Task goal >>
Please transcribe the data below exactly. Leave the pictures out.

Dataset section >>
__________________________________________________
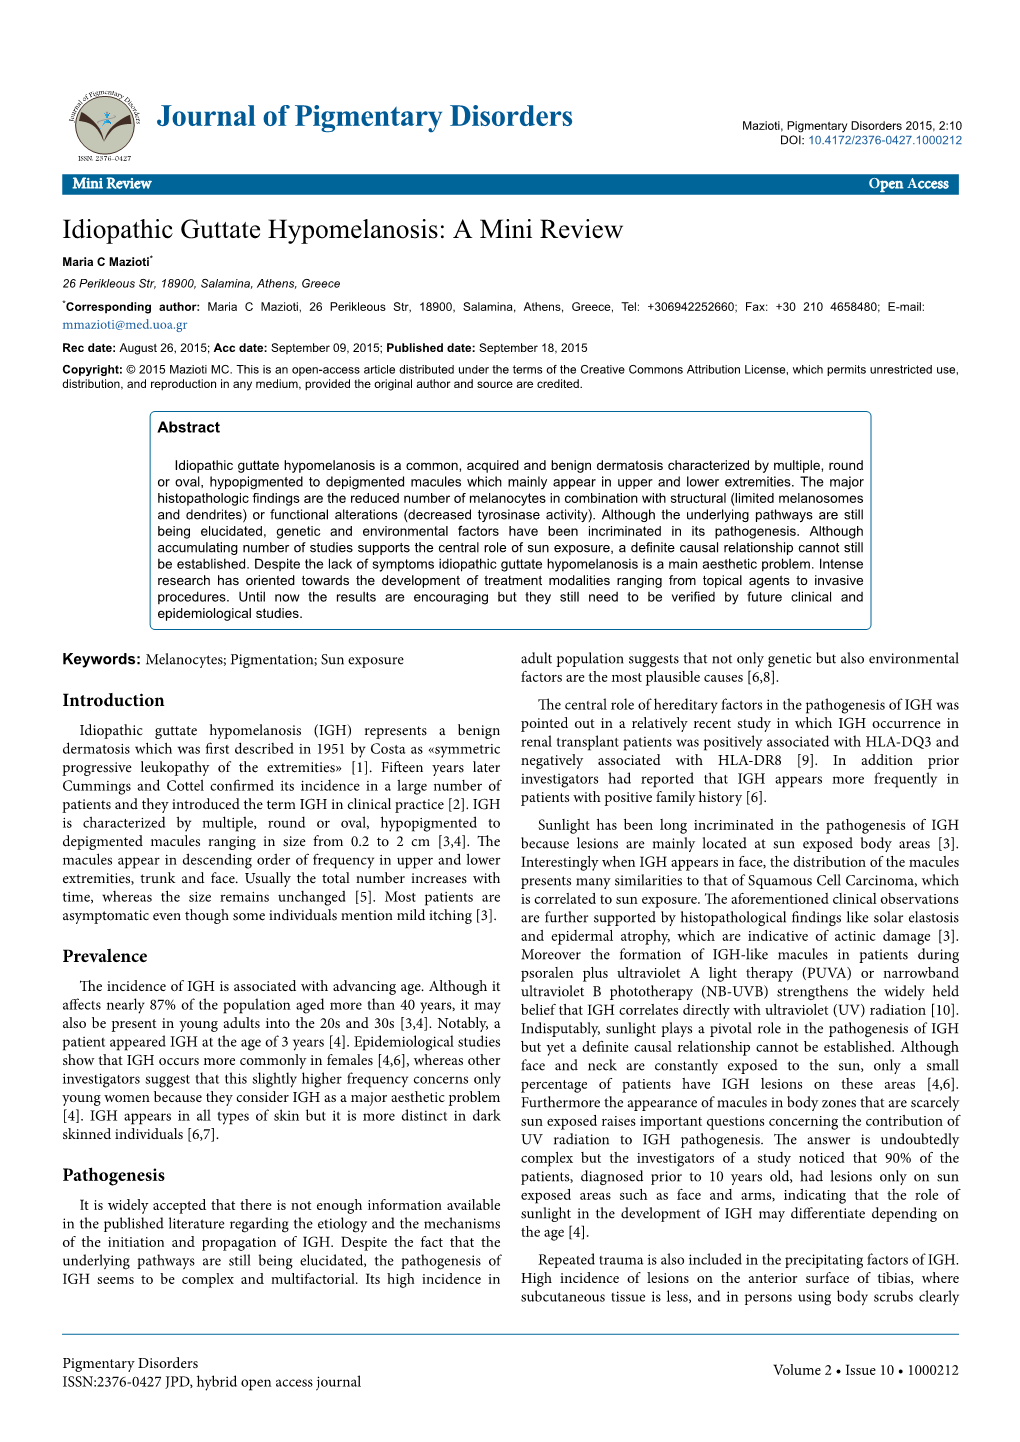 Idiopathic Guttate Hypomelanosis: a Mini Review
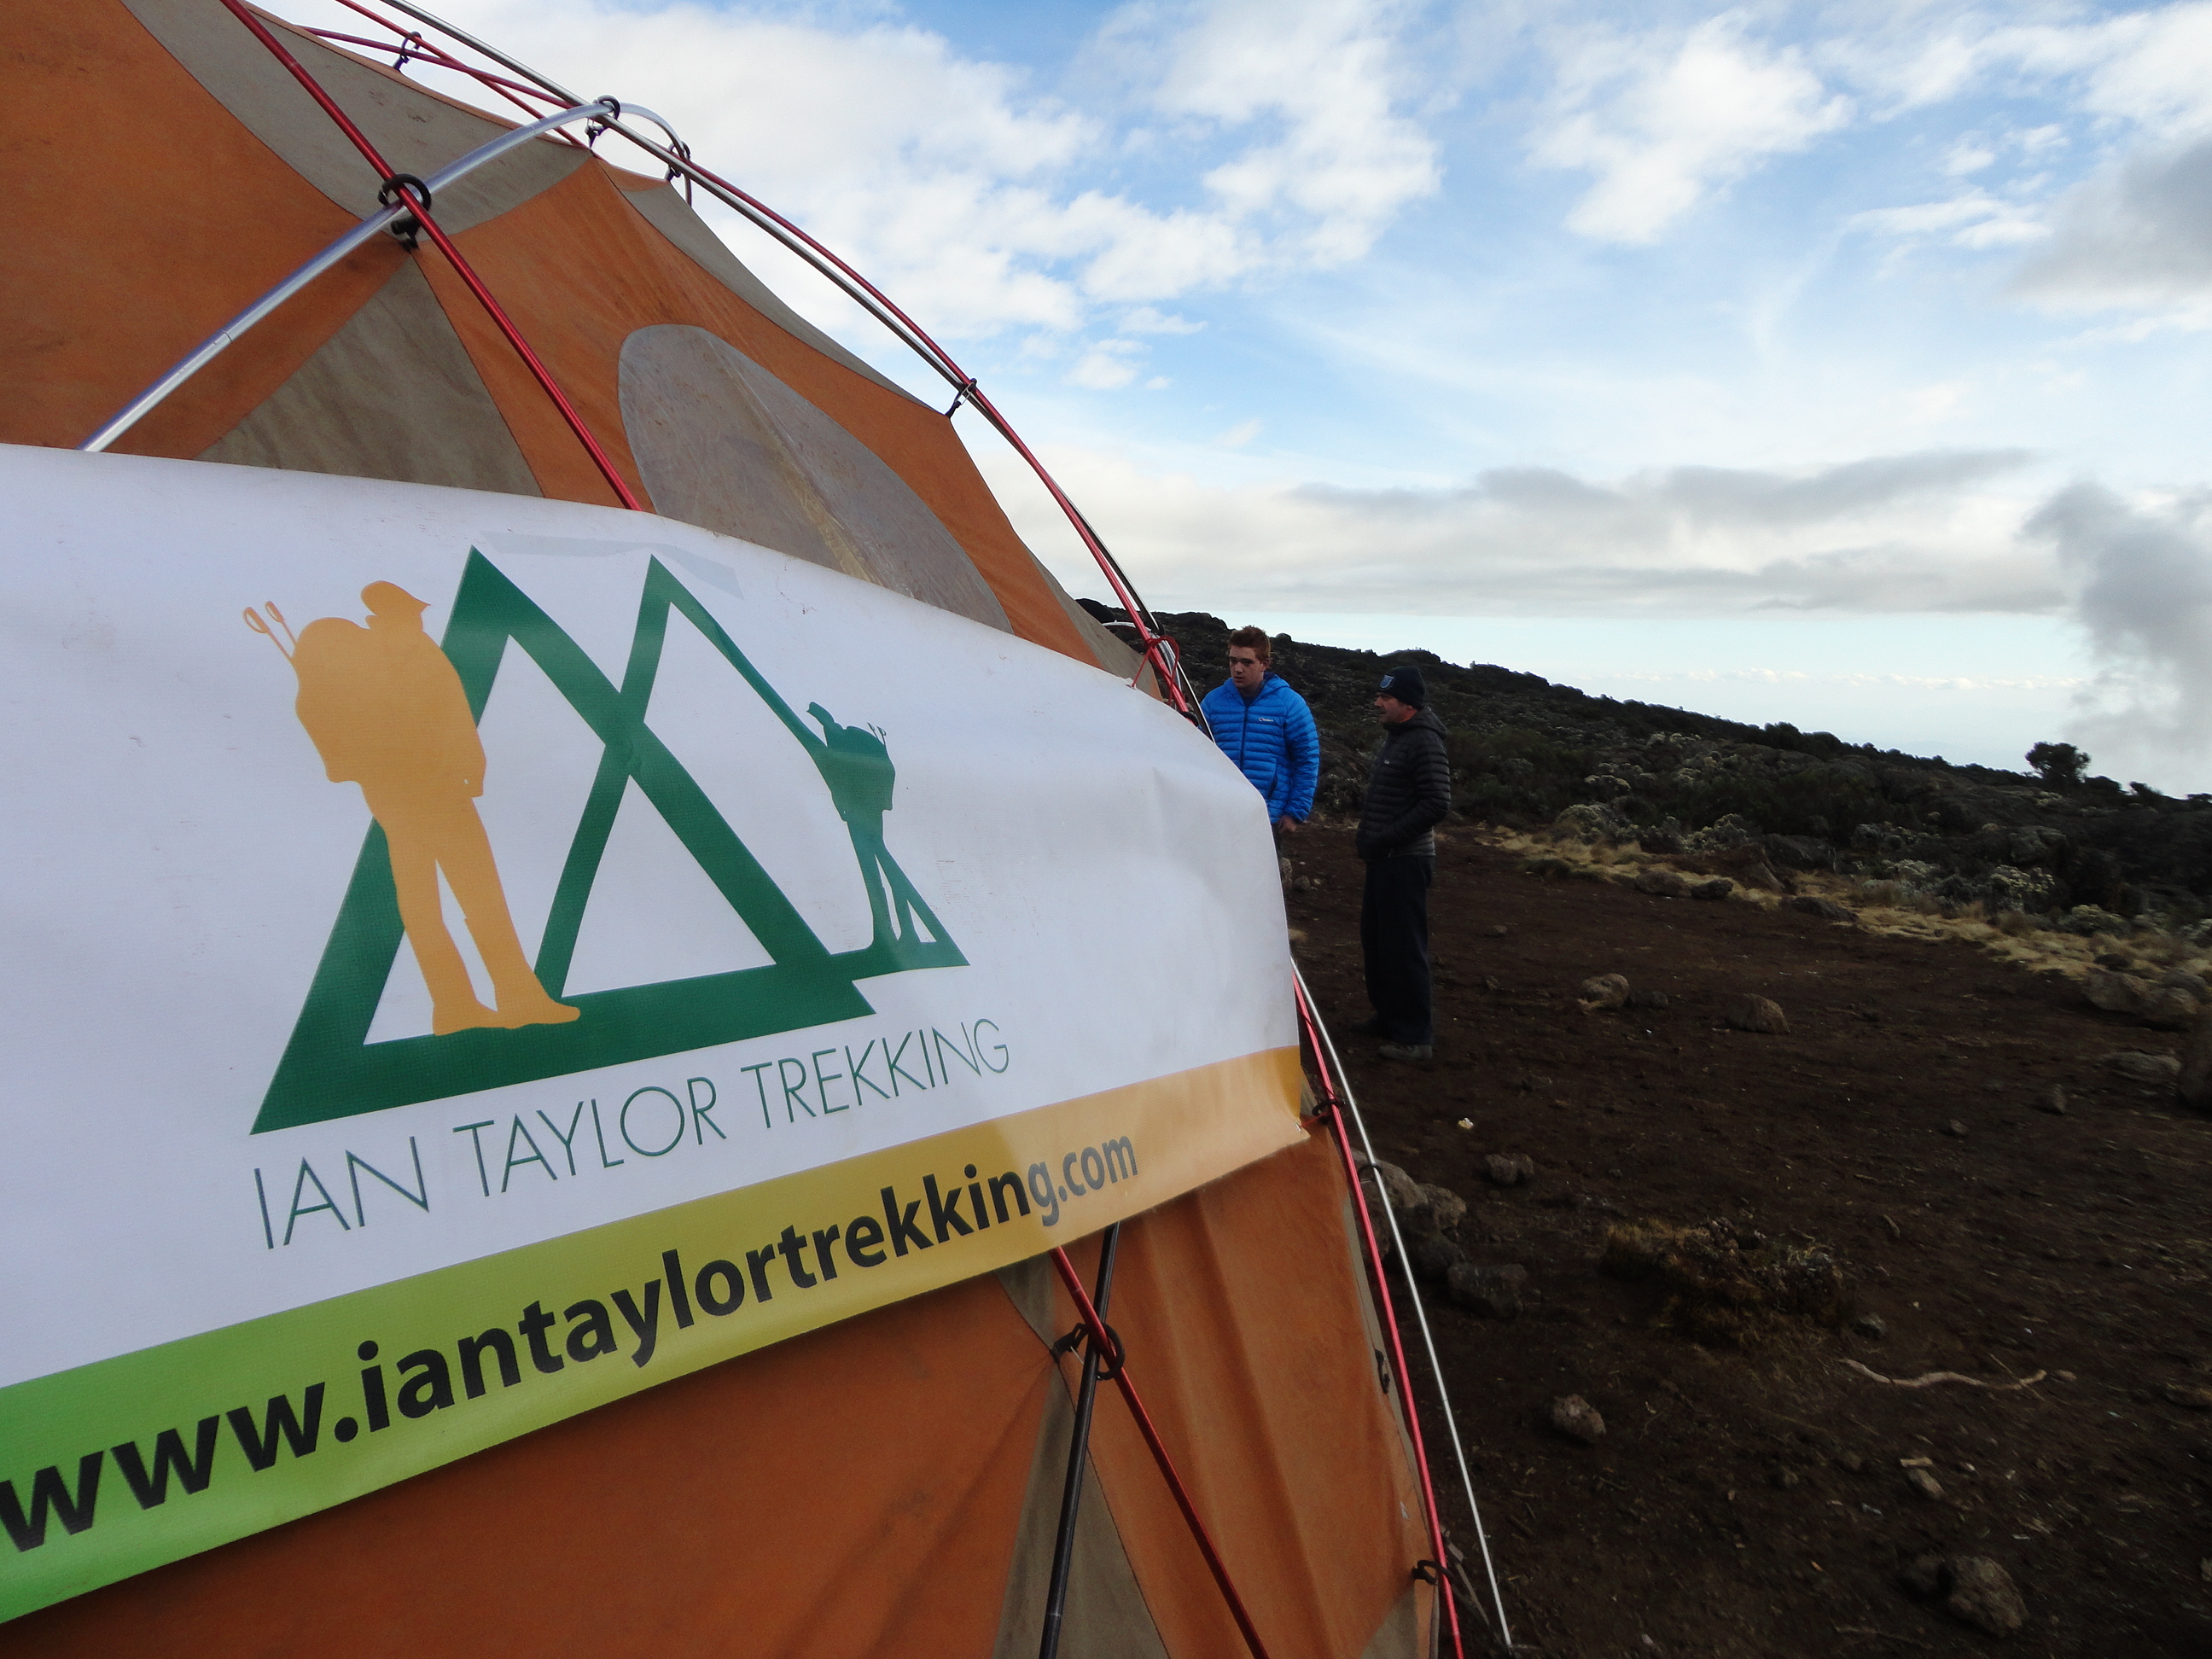 Ian Taylor Trekking Dome Tent
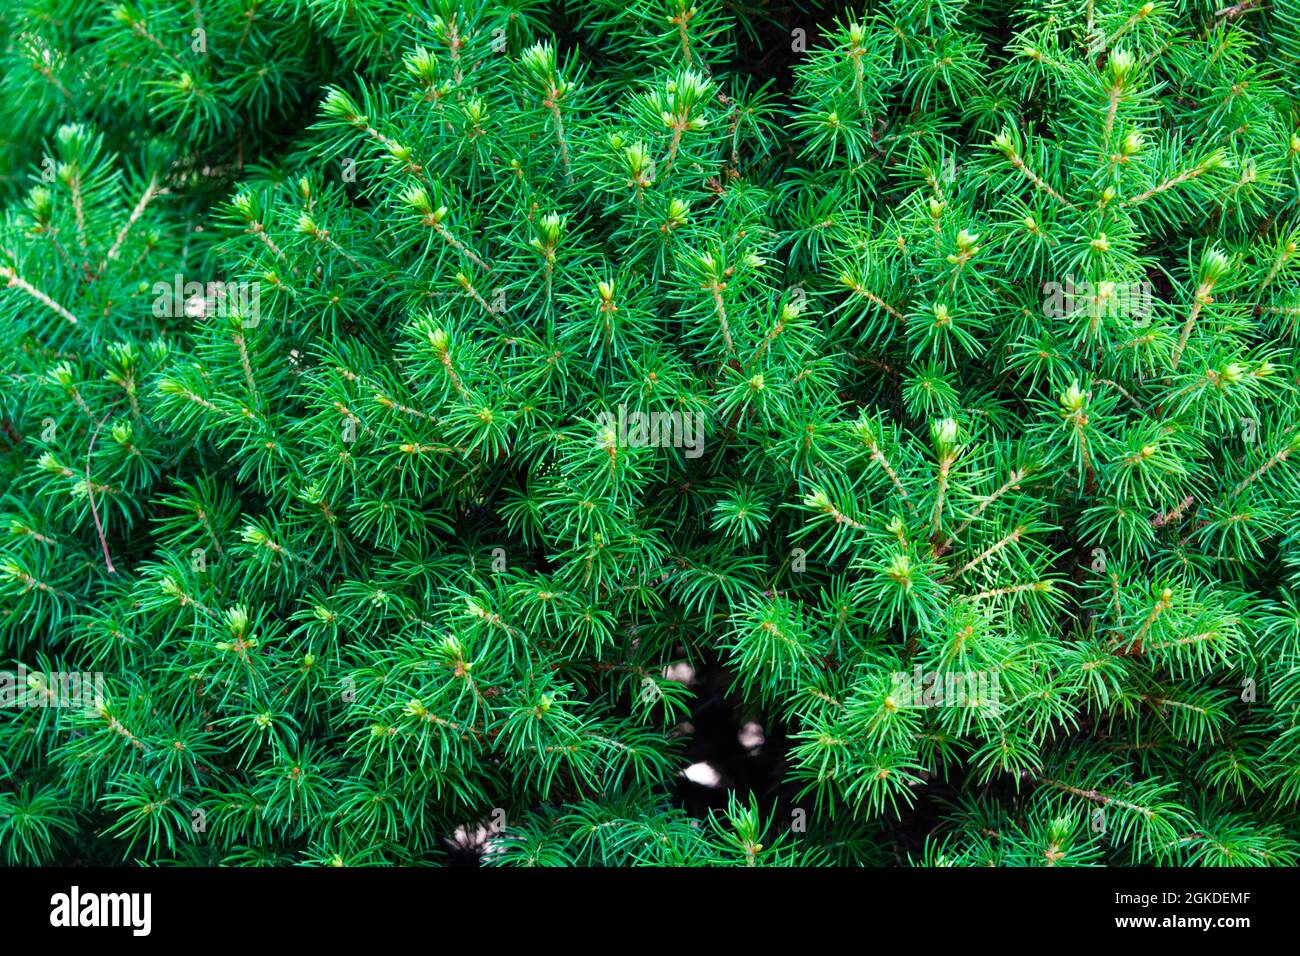 Canadian spruce green foliage. Decorative coniferous evergreen tree in garden Stock Photo
__________________________________________________
Answer space >>
 Idiopathic Guttate Hypomelanosis: a Mini Review
 Ian Taylor Trekking Dome Tent
 Canadian spruce green foliage. Decorative coniferous evergreen tree in garden Stock Photo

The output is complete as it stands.